Even so, a no-fly zone, enforced by the U.S. Navy and U.S. Air Force using stand-off weapons to avoid direct contact with Syrian forces, would have a critical effect on Assad’s ability to continue the war against those battling to end his family’s 43-year rule.
But, possibly more importantly from the U.S. point of view, it would also be a major blow against Iran and its ability to support its strategic Arab ally and project power in the Levant and threaten Israel.
The allied no-fly zone imposed against Saddam Hussein after the 1990-91 Gulf War was pretty much one-sided with U.S., British and French aircraft rarely challenged.
The no-fly zone imposed on Libya in 2011 by the United States and its NATO allies, was of much shorter duration, but played a major role in the rebel victory over Moammar Gadhafi by knocking out his air defenses.
Syria’s are considered far more sophisticated and effective.
Much of Syria’s air defenses could be devastated by naval and air missile bombardment, but military analysts say they could still provide a stiff challenge.
Assad has around 300 flyable combat jets, mostly outdated MiG-21s, 23s and 25s with 35 more advanced MiG-29s interceptors, though these are heavily outclassed by U.S. frontline aircraft.

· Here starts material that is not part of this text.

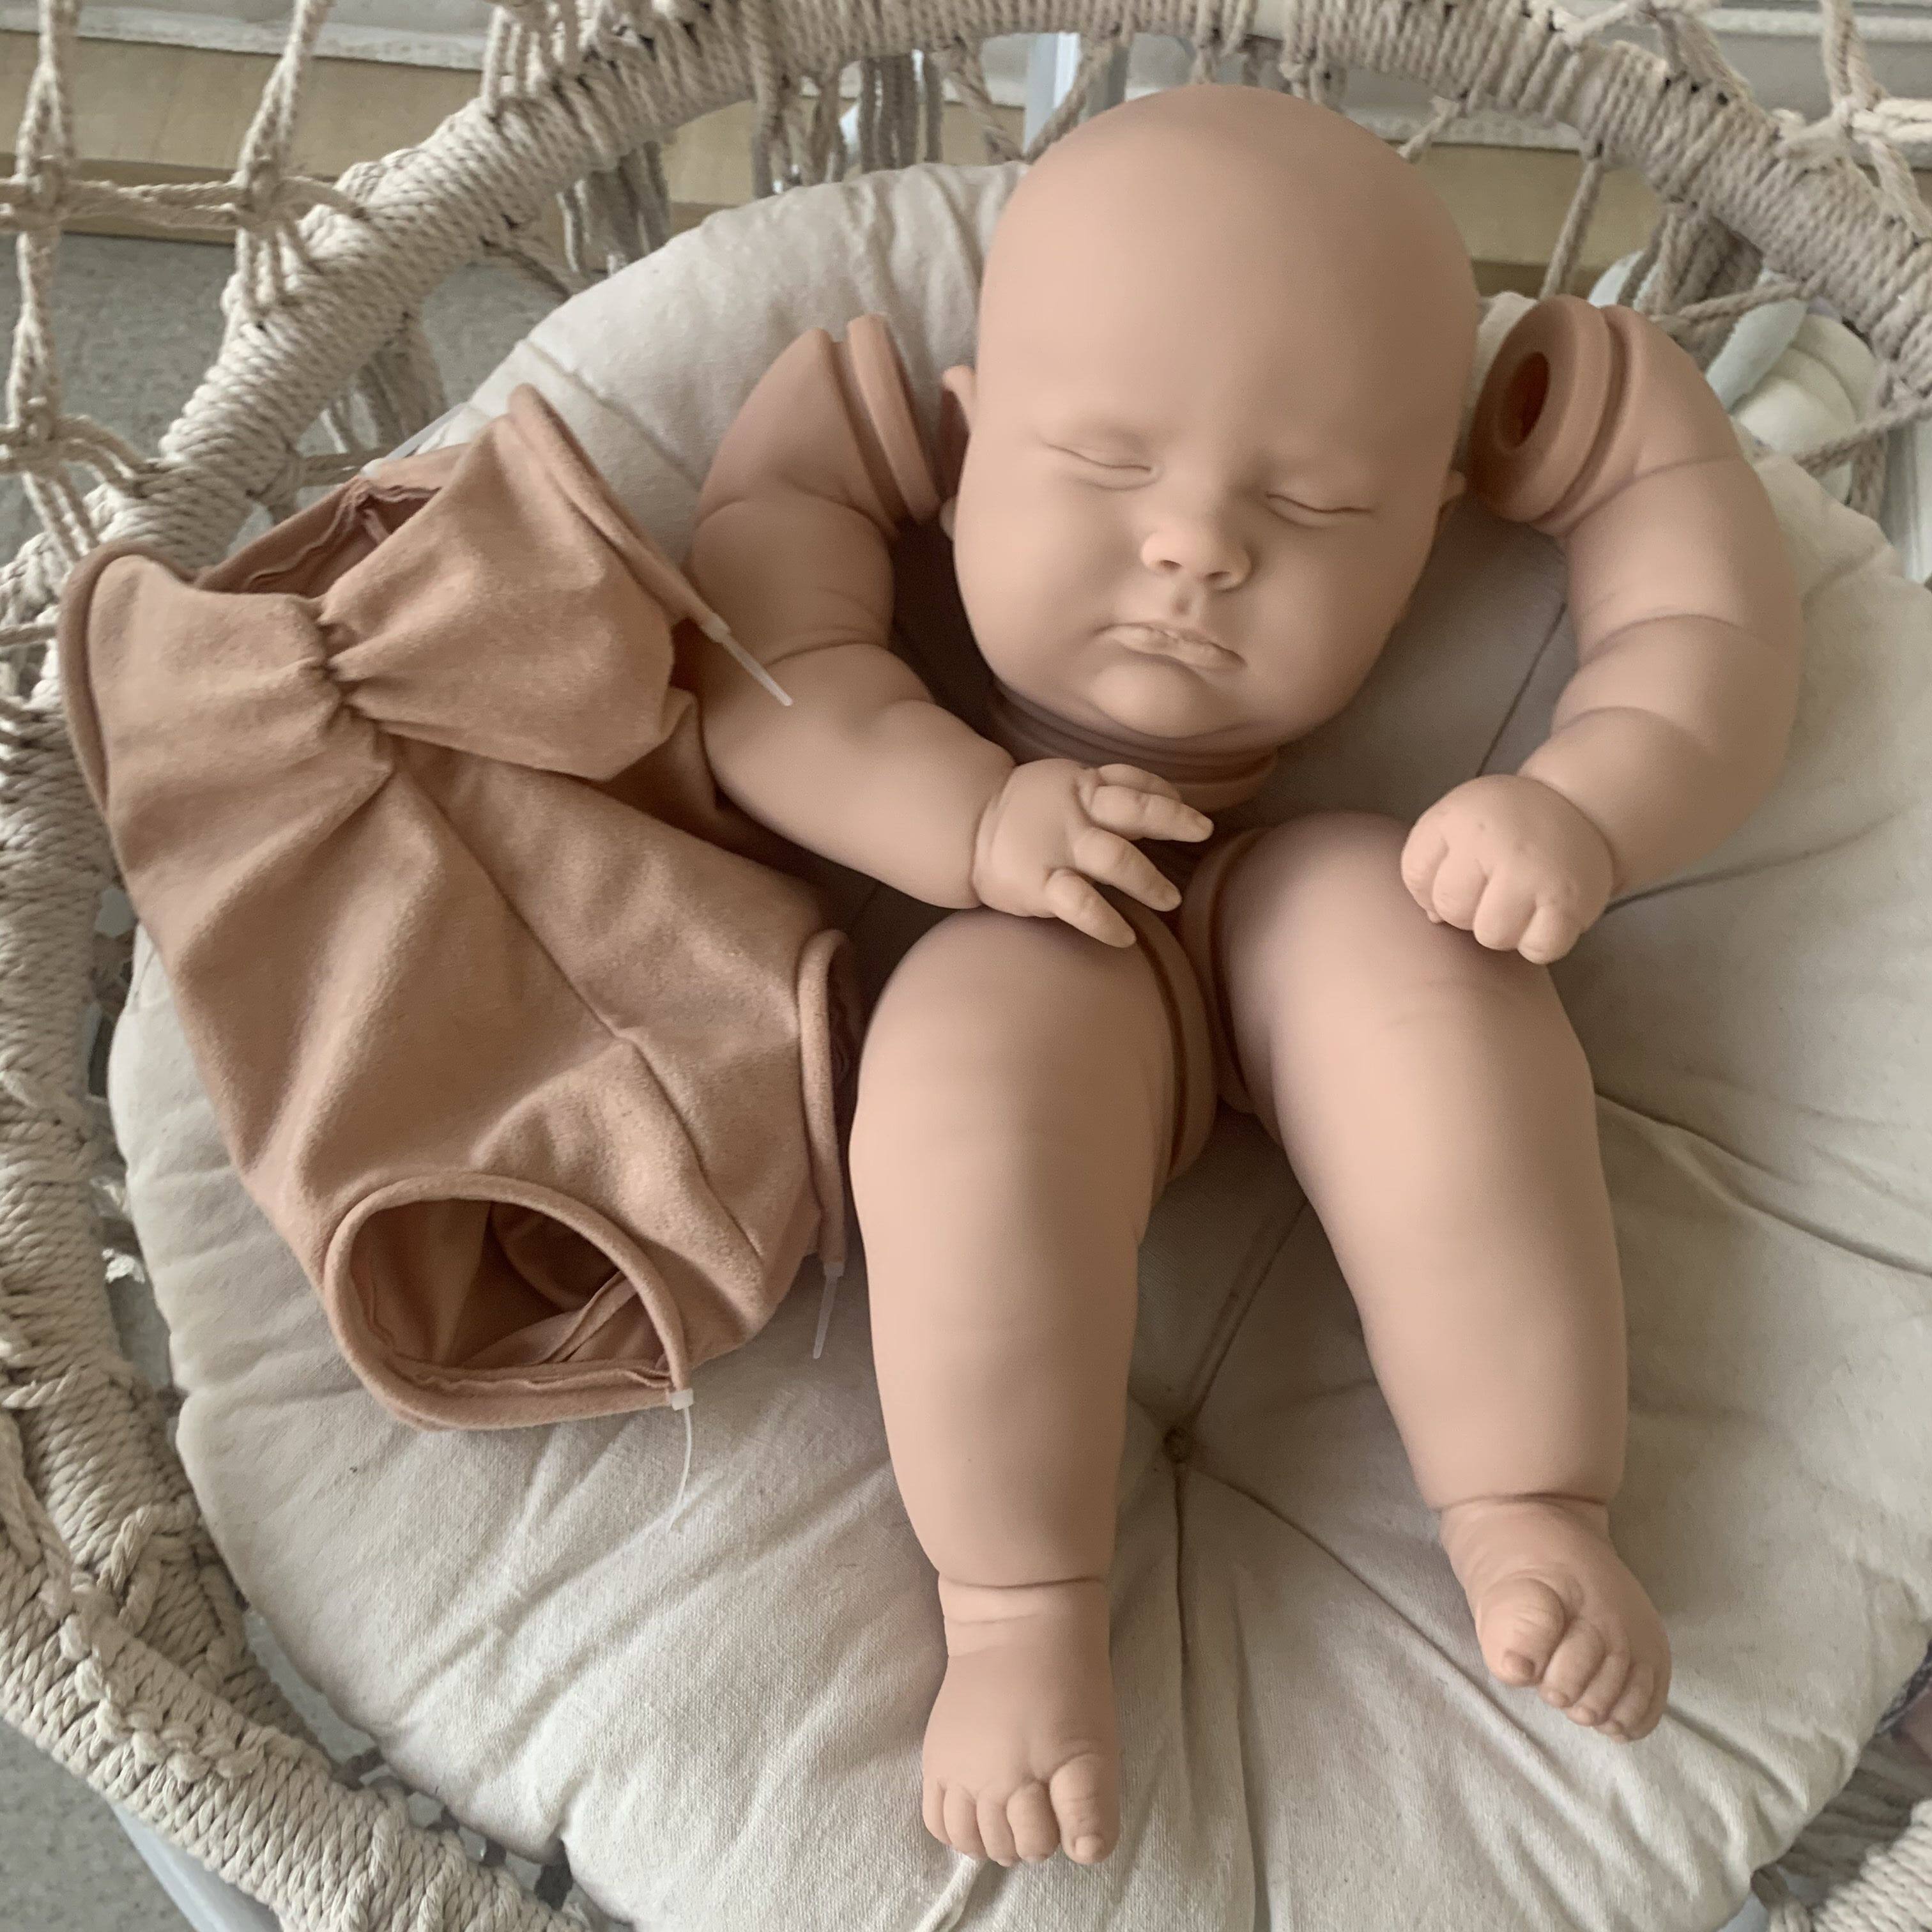 Reborn Baby Joseph ราคาถูก ซื้อออนไลน์ที่ - เม.ย. 2022 | Lazada.co.th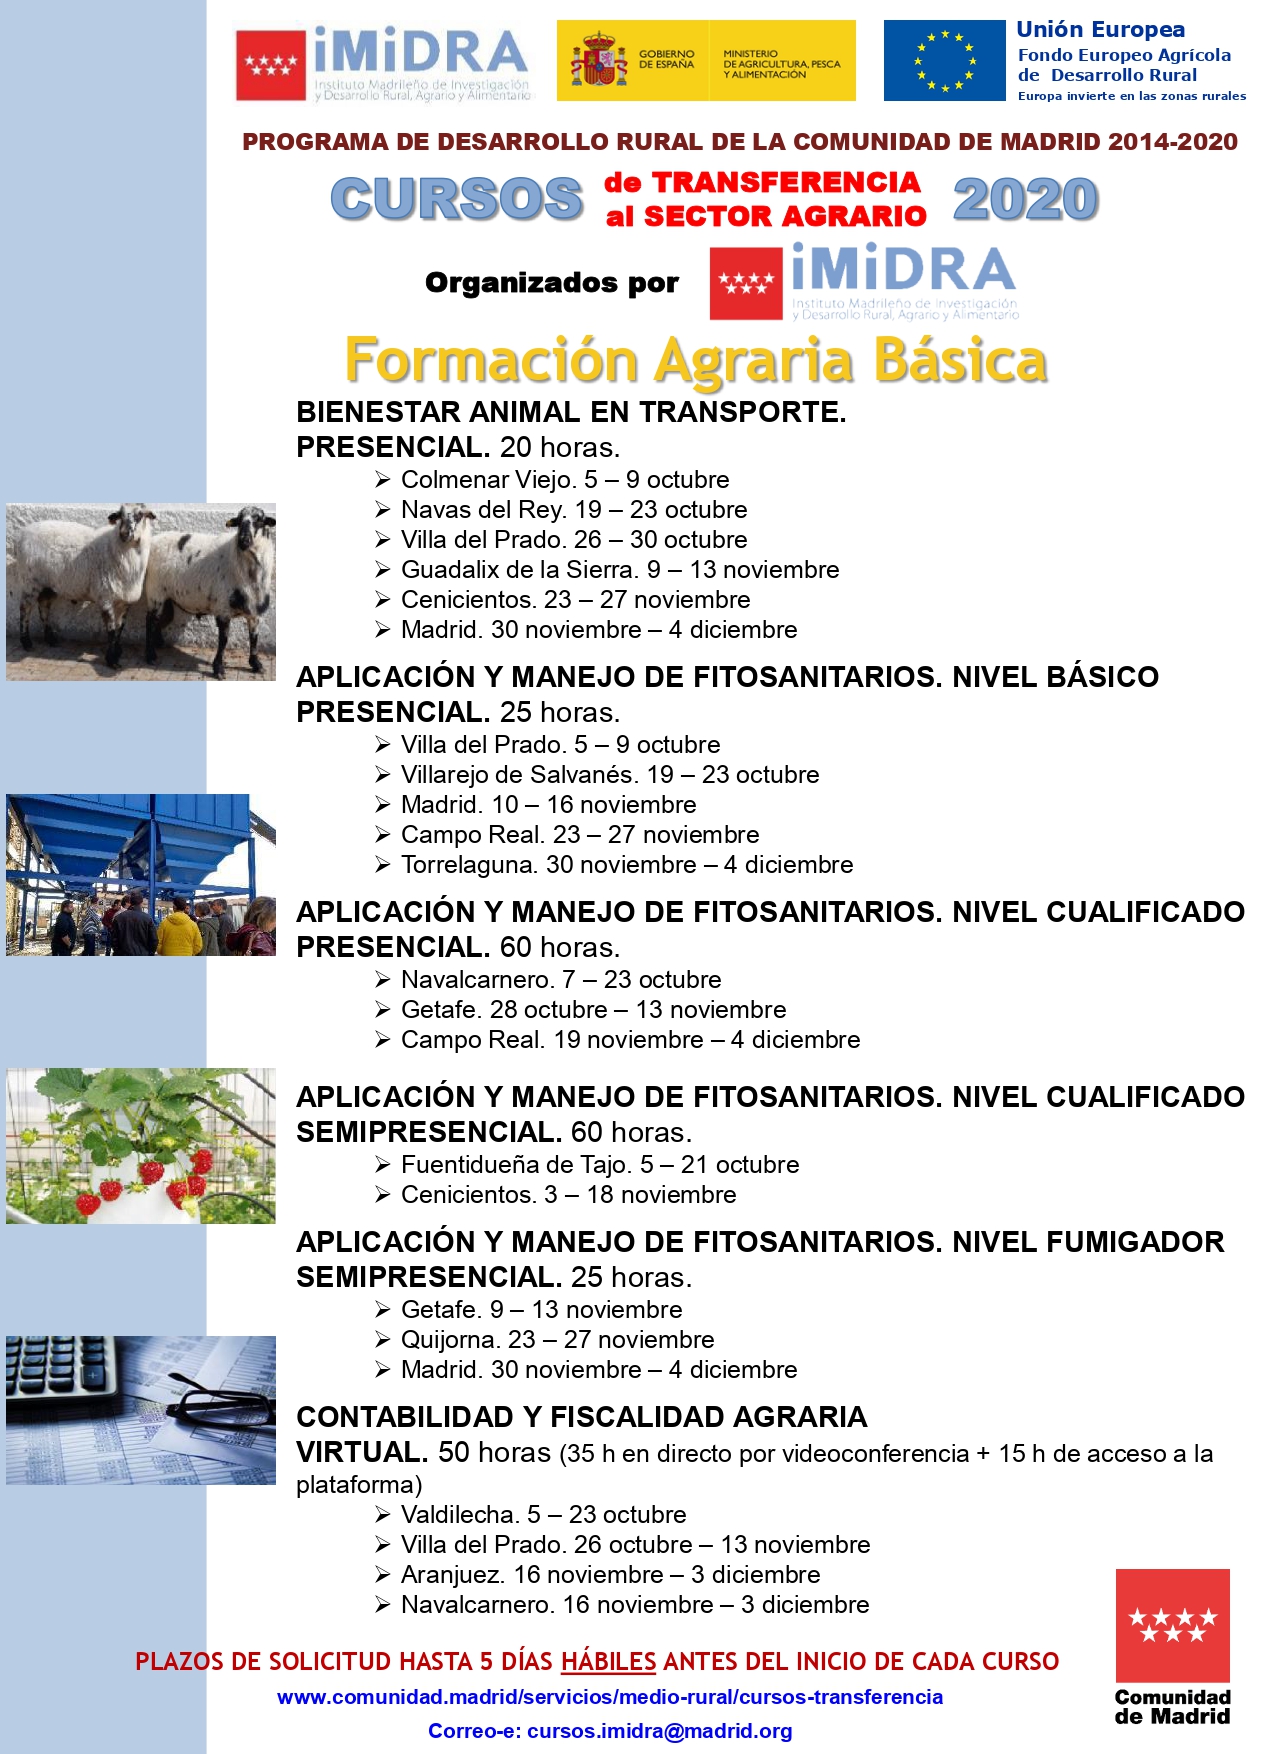 Cartel_cursos_formacion_agraria_basica_IMIDRA_2020_page-0001.jpg - 1,018.79 kB

But its missile defenses, which the Russians have been upgrading since an Israeli air raid electronically zapped Syrian air defenses and knocked out a Syrian nuclear reactor Sept. 6, 2007, are arguably more effective.
The arrival of S-300s, which can track 100 targets simultaneously and engage 12 at a time, would clearly pose a serious threat to U.S. or allied aircraft. However, it would take a sizeable airlift to carry the five or six batteries, and possibly 100 missiles, to Syria and probably several weeks to deploy them with trained Syrian crews.
So if Obama does opt for decisive intervention, after weeks of inaction, and impose a no-fly zone, obviously the sooner he does so the better.
“The air line of communications between Iran and Syria is a key vulnerability for Iranian strategy in Syria,” observed a May report by the Institute for Study of War.
“Iran would not be able maintain its current level of support to Assad if the air route were interdicted through a no-fly zone or rebel capture of Syrian airfields.”
Tehran, and possibly Russia as well if it were so inclined, could conceivably use a ground route via Iraq, Syria’s eastern neighbor, but these could be cut by Syrian Sunni rebels and their al Qaida allies in Iraq.
Resupply by sea through Syria’s main ports of Latakia and Tartus, where the Russians have a naval base, is problematic since sea lanes can also be blocked.
“Given the limitations of sea lines of communication … air shipments remain Iran’s most feasible method of supplying the Assad regime,” the ISW analysis noted.